By the end of his article, the sense of euphoria had died down. He stated, “It remains to be seen how the court will react, if at all, to future cases. But this should be a warning for both the UK government and the media: the law and even the most obsequious of courts are not on your side. Your citizens aren’t either.”
“[M]ore work needs to be done,” he added. “The only reason why the NSA-GCHQ sharing relationship is still legal today is because of a last-minute clean-up effort by the government to release previously secret ‘arrangements’.”
Liberty legal director James Welch said much the same thing, adding, “We now know that, by keeping the public in the dark about their secret dealings with the NSA, GCHQ acted unlawfully and violated our rights. That their activities are now deemed lawful is thanks only to the degree of disclosure Liberty and the other claimants were able to force from our secrecy-obsessed government.”

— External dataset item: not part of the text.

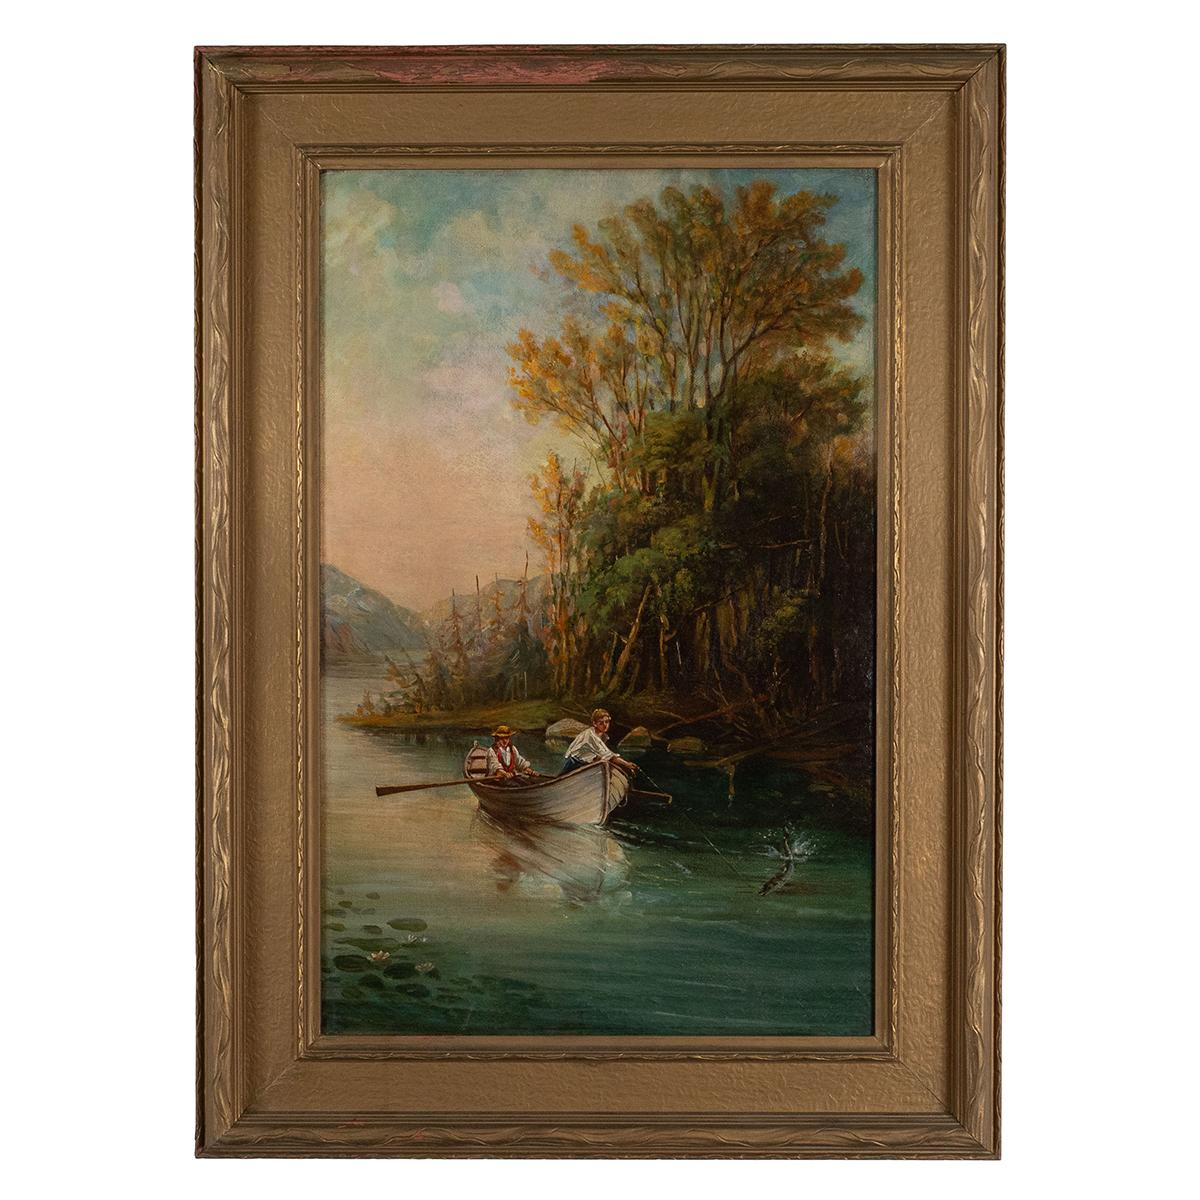 Vintage painting depicting a river boat fishing scene with weathered painted wood frame.

Despite the IPT case, the “secrecy-obsessed government” and intelligence services have declared their intention to press ahead with the clampdown on democratic rights. Following his appointment as the new director of GCHQ in November, one of the first acts of Robert Hannigan was to demand major technology companies including Facebook and Twitter deepen their cooperation with GCHQ or face legislation compelling them.
Following the terror assaults on the Charlie Hebdo office in Paris and a Jewish supermarket, in which 17 people were killed, demands have been made for yet more powers. The former head of Britain’s intelligence agency MI5, Lord Evans, claimed that existing anti-terror legislation was “no longer fit for purpose” and that new laws were “vital” to enable the state to monitor the Internet.
Prime Minister David Cameron has pledged that if the Conservatives return to power after the May General Election, they will speed up plans for a “snoopers’ charter” Communications Bill giving the intelligence agencies the power to access encrypted communications.
Britain’s Intelligence and Security Committee, consisting of nine senior members of parliament and peers, is also to announce “very radical” reforms of existing anti-terror provisions so as to grant the intelligence agencies new powers to intercept e-communications.